This lesson will discuss the language changes that have been introduced in DataFlex to assist with working with Unicode. A new native string datatype, the ‘WString,’ has been added. This is a UTF-16 string, which has been created to simplify communication with the Windows API, and other UTF-16 external APIs. ‘WString’ should not be used in other coding if it is not needed. Runtime functions work as ‘String,’ and ‘WString‘ needs to be converted to ‘String’ first, and then converted back afterwards. That would be inefficient.
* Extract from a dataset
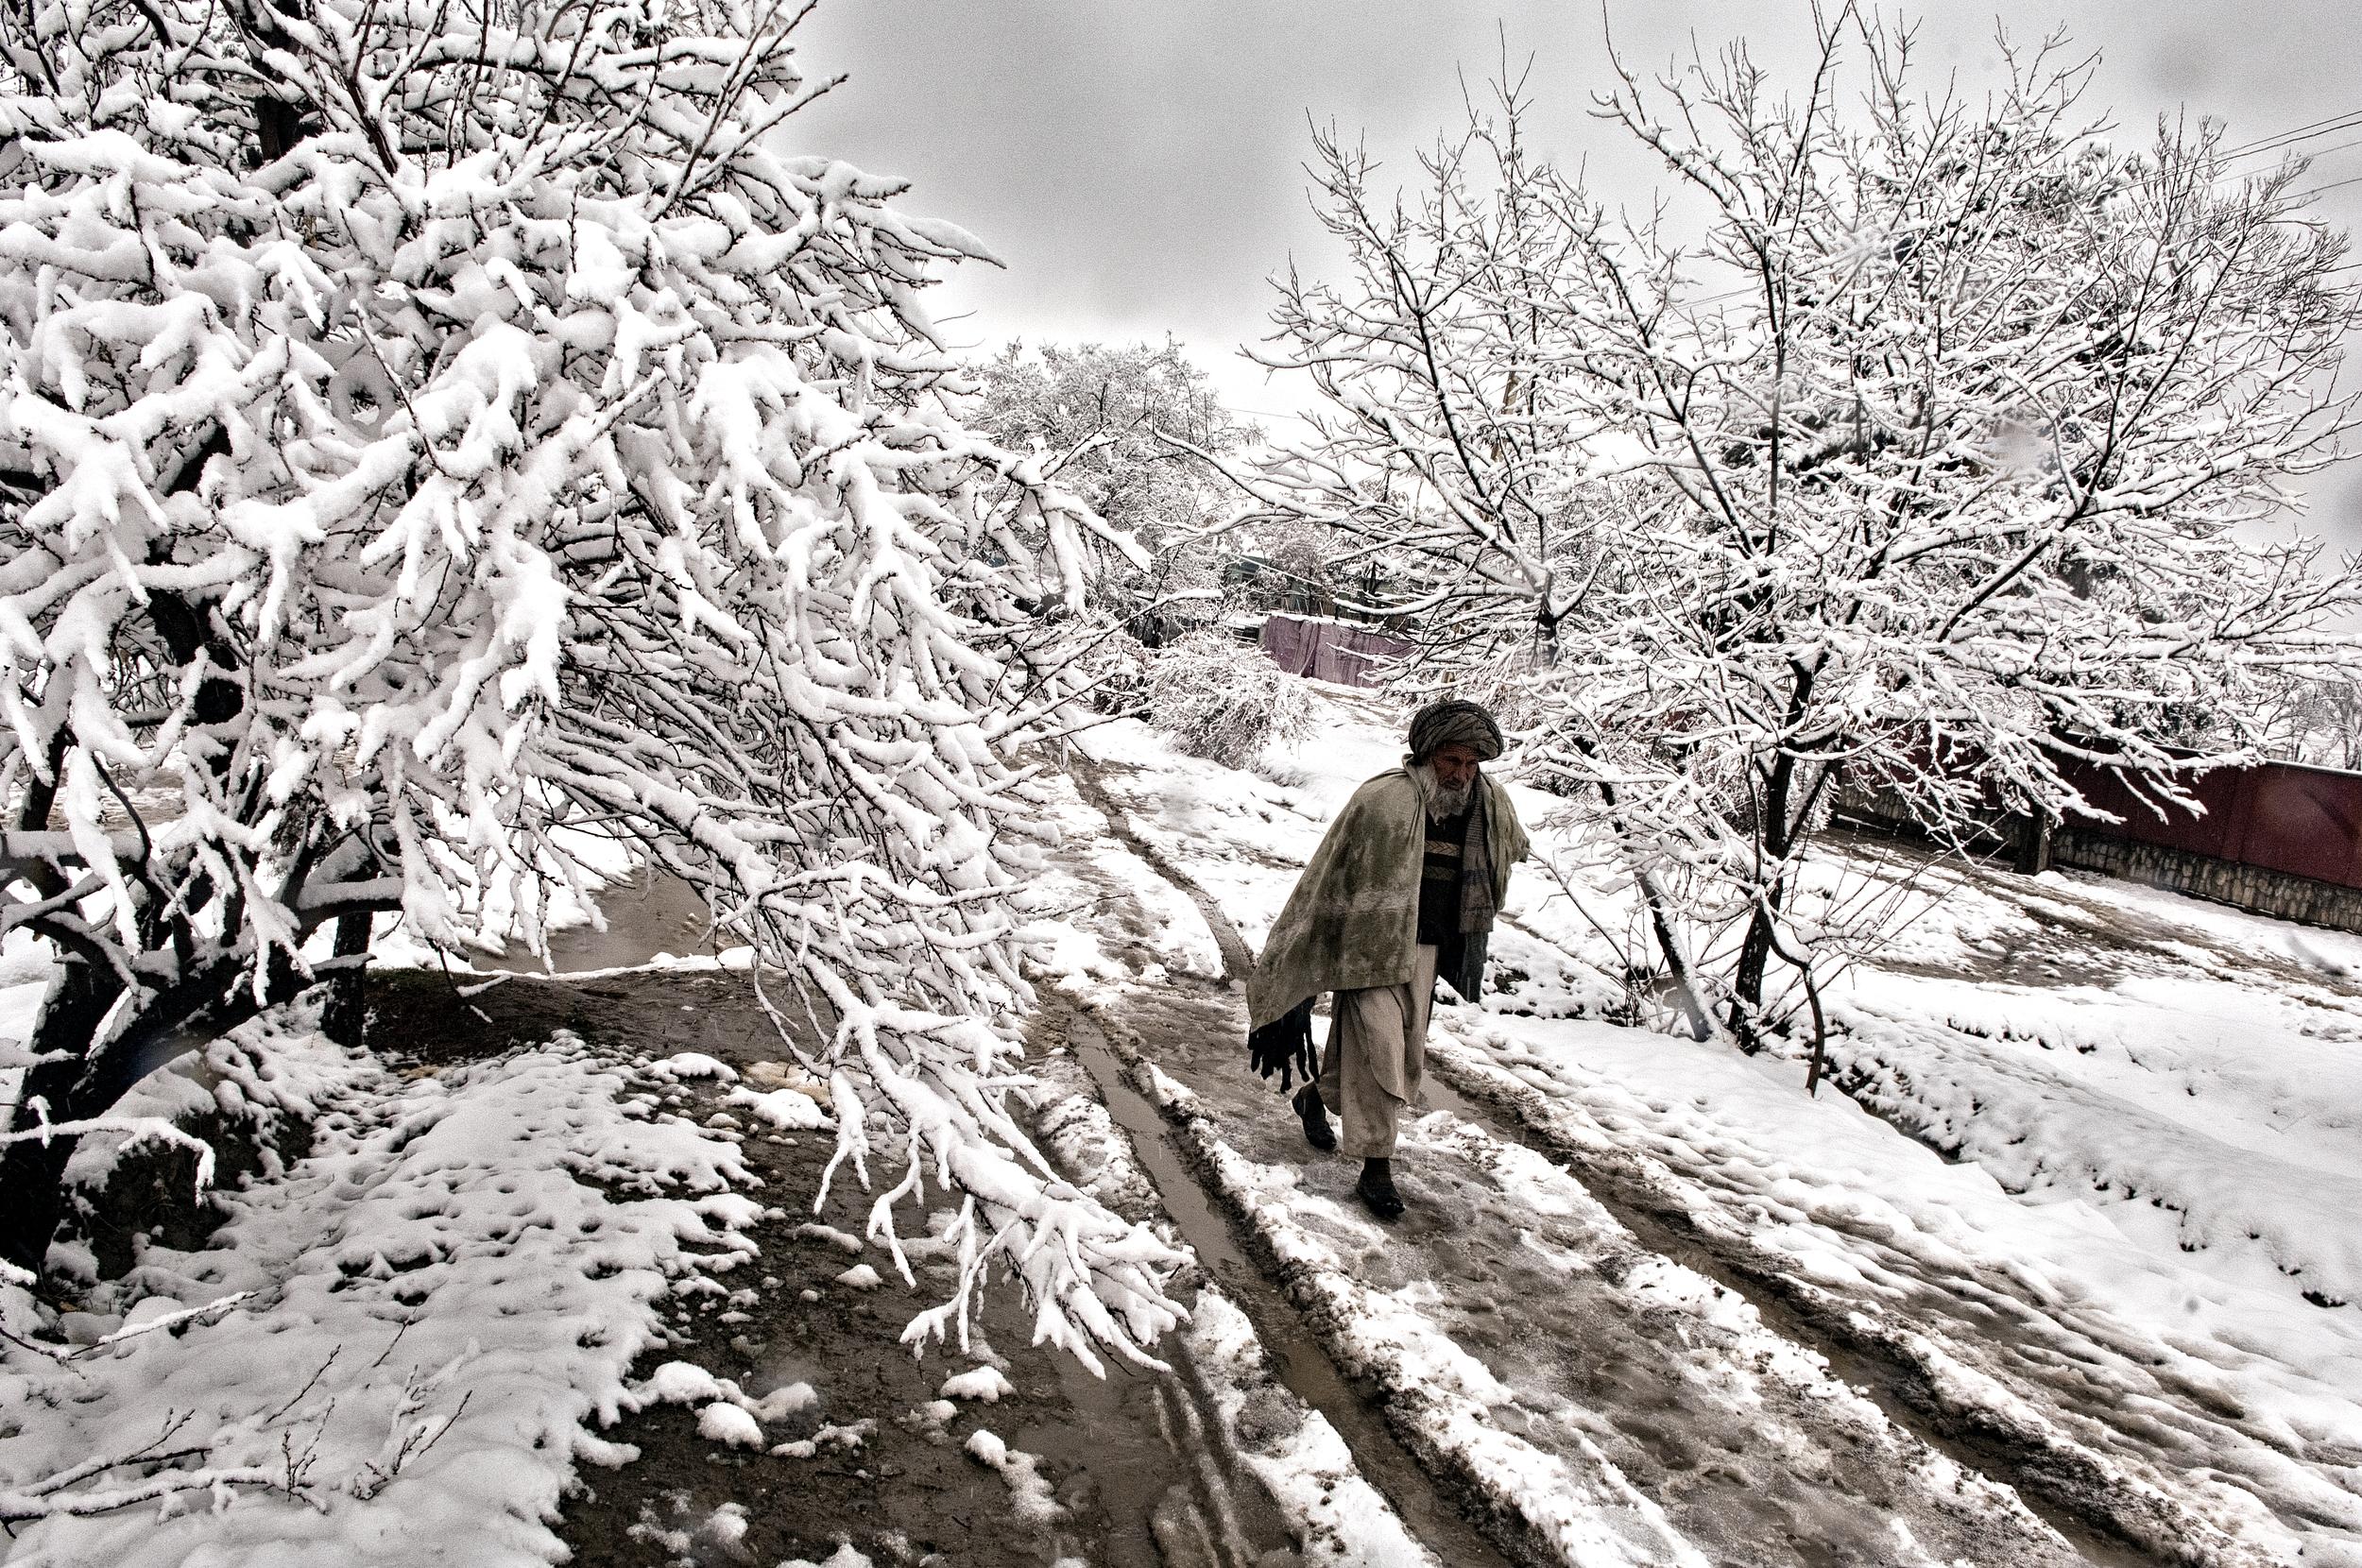 An elderly Afghan man walks through snow in Maymana, Faryab Province, Afghanistan, February 21, 2008. (Photo/Mark Pearson)

Simply working with ‘String’ is faster and more efficient.
Conversions can be made between ‘String’ and ‘WString,’ simply by using a ‘Move’ statement. The actual conversion between UTF-8 and UTF-16 is then done automatically by the runtime.
Before DataFlex 2021, the length of the string (the number of characters in the string) was always the same as the size of the string (the number of bytes). As explained in lesson 6, this is no longer the case. They can now be different.
Characters can be different number of bytes. In Dataflex 2021, the ‘Length’ function still returns the number of characters of a string. ‘Length’ also works for ‘WString,’ but it should not be used anymore for getting the size of a string (the number of bytes). There is a new function for that, called ‘SizeOfString.’ It returns the number of bytes, which in UTF-8, is equal to the number of code units. A similar function exists for the ‘WString’ type, which is ‘SizeOfWString.’ This function will return the number of UTF-16 code units. So, the number of double bytes.
In this example, ‘SizeOfString’ returns the value 6, because the capital A is one byte, the accent a is two bytes and the euro sign is three bytes. In the last line, ‘SizeOfWString’ is performed on the same ‘String,’ but ‘SizeOfWString’ expects a ‘WString,’ so what happens is that first, in the runtime, ‘sLabel’ is converted to a ‘WString,’ and then ‘SizeOfWString’ is performed on that ‘WString.’ A value of 3, three code units, is returned. This is because in this instance, each character is one code unit. For a UTF-16 string, each code unit is two bytes, so the string size in memory is 6 bytes.
All other string functions work on the regular UTF-8 string, and they are character based. Such as the ‘Pos,’ ‘Left’ and ‘Mid’ functions, so they probably still work well in the code, unless the result is used as the number of bytes for memory operations or something else.